Allowlist drift to over-permissive entries. Allowing github.com opens domain-fronting, gist abuse, and arbitrary repo exfiltration — the topology is intact but the policy under-utilises it. Same constraint as any domain allowlist: broad entries are exfiltration channels disguised as utility.
Tools that legitimately need raw UDP, ICMP, or QUIC. The Unix-socket proxy is HTTP-shaped. Agents that need DNS tooling, ping, raw socket clients, or QUIC libraries either fail or get added to excludedCommands — at which point the per-tool exception widens the topology hole.
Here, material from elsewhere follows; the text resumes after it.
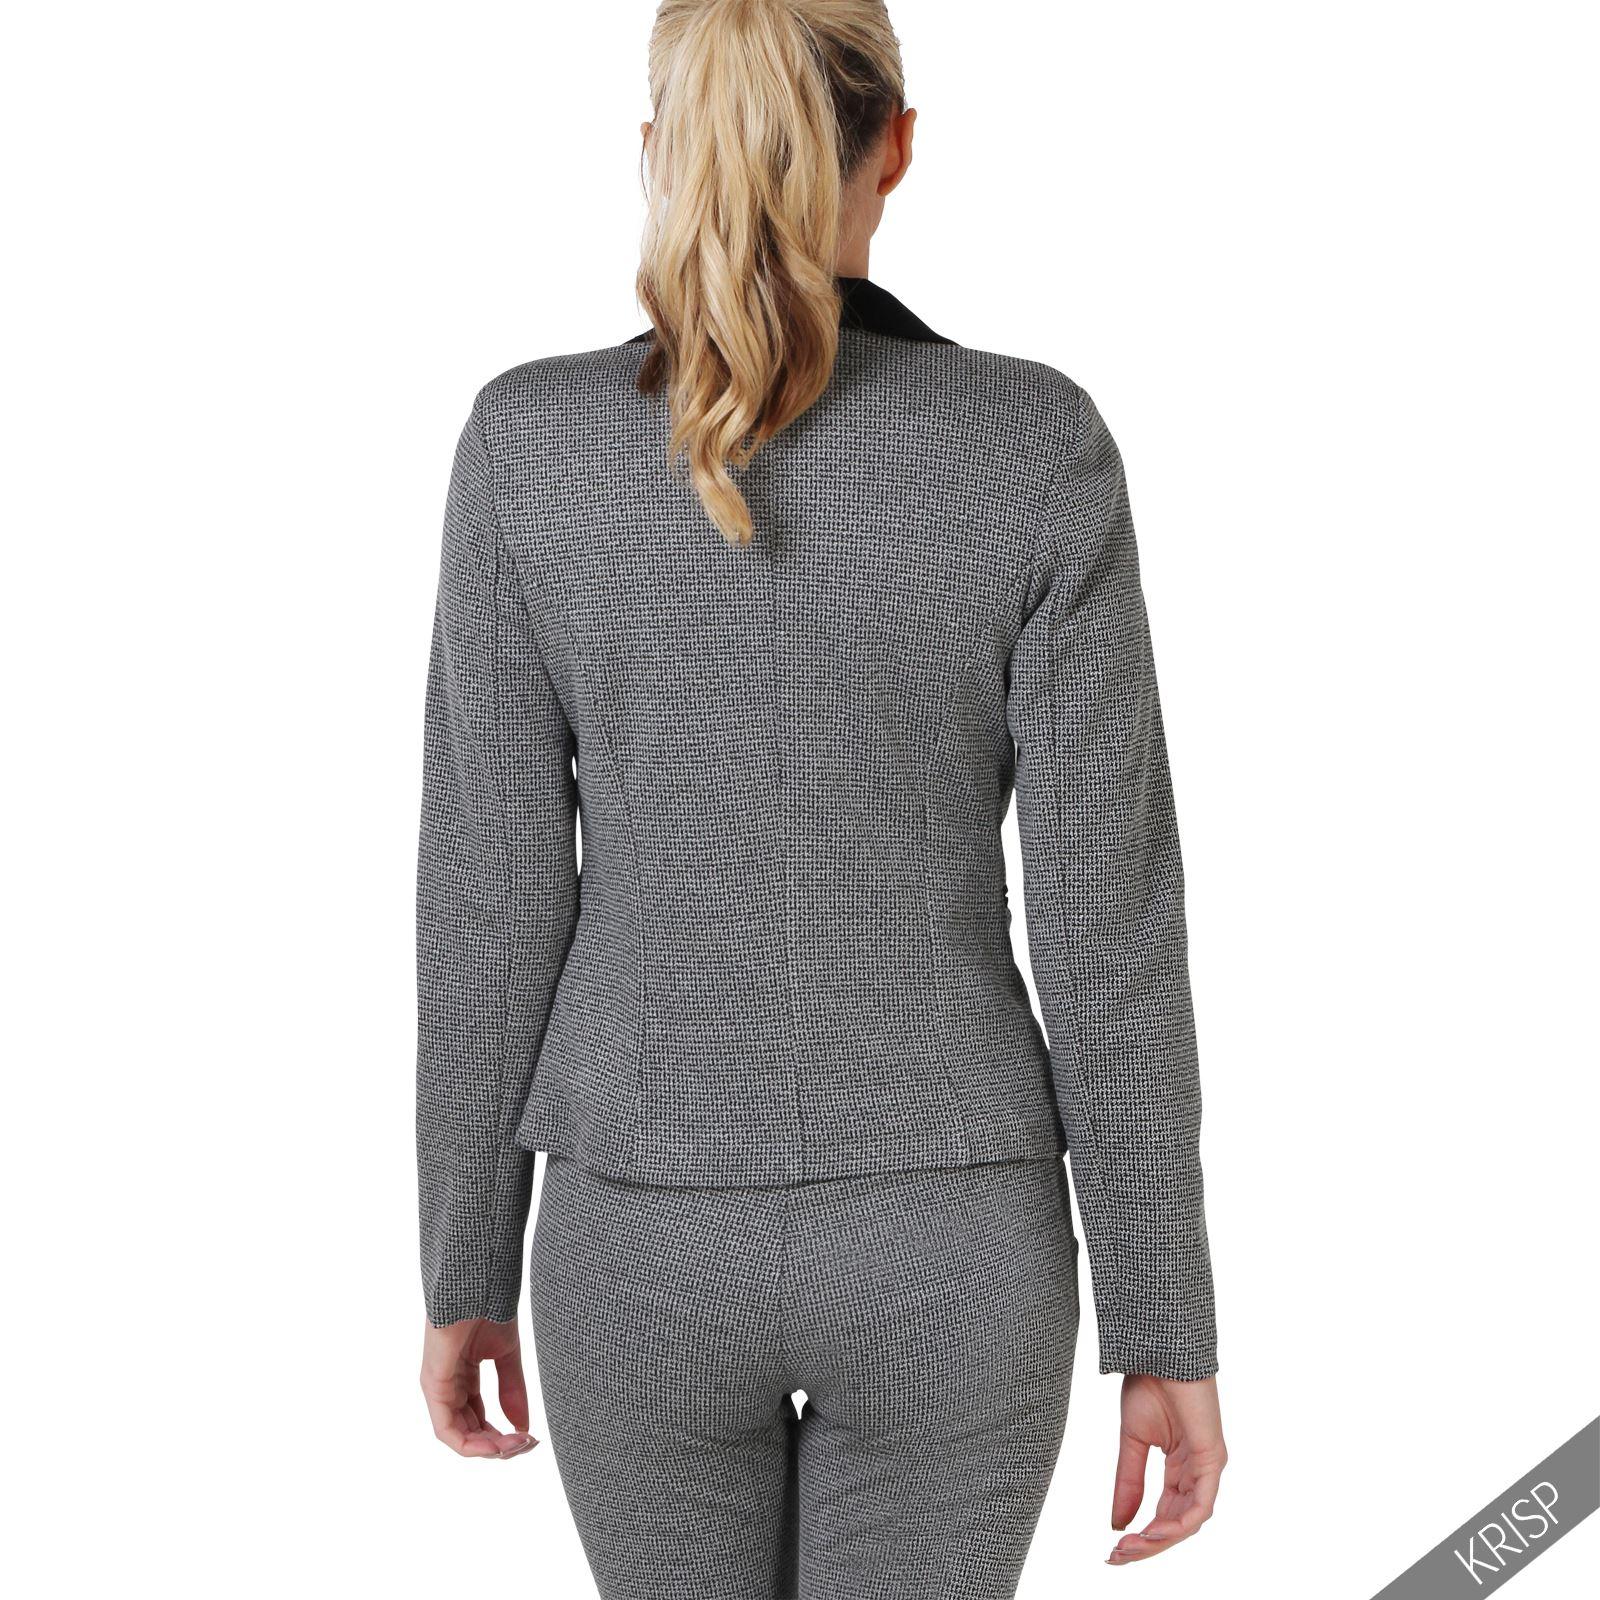 damen business hosenanzug eleganter blazer graue slim fit. Black Bedroom Furniture Sets. Home Design Ideas
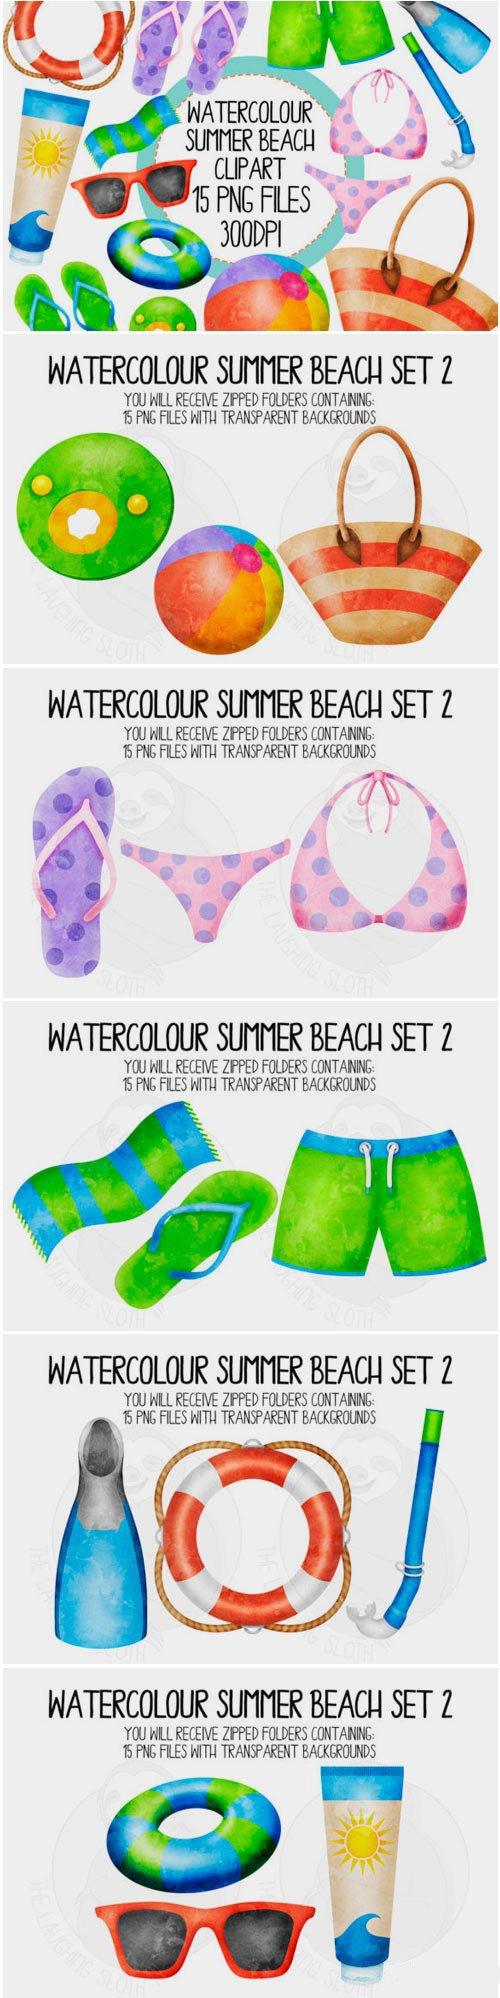 Watercolour Summer Beach Set 2 1575861

Docker AI Sandboxes document the same trade-off: "UDP and ICMP traffic is blocked at the network layer and can't be unblocked with policy rules" (Docker AI Sandboxes: Network policies).

Key Takeaways¶

--network none removes every interface, turning egress from a policy decision into a structural property of the network namespace.
The mounted Unix socket is the only path off the container; the proxy on the host is therefore the only enforcement point.
The same composition naturally houses credential injection — the agent sends unauthenticated requests, the proxy attaches scoped tokens.
The proxy matcher becomes the entire policy; matcher bugs (SOCKS5 null-byte, allowlist parser flaws) bypass the whole topology.
Containers share the host kernel — for adversarial workloads escalate to a microVM with vsock replacing the Unix socket.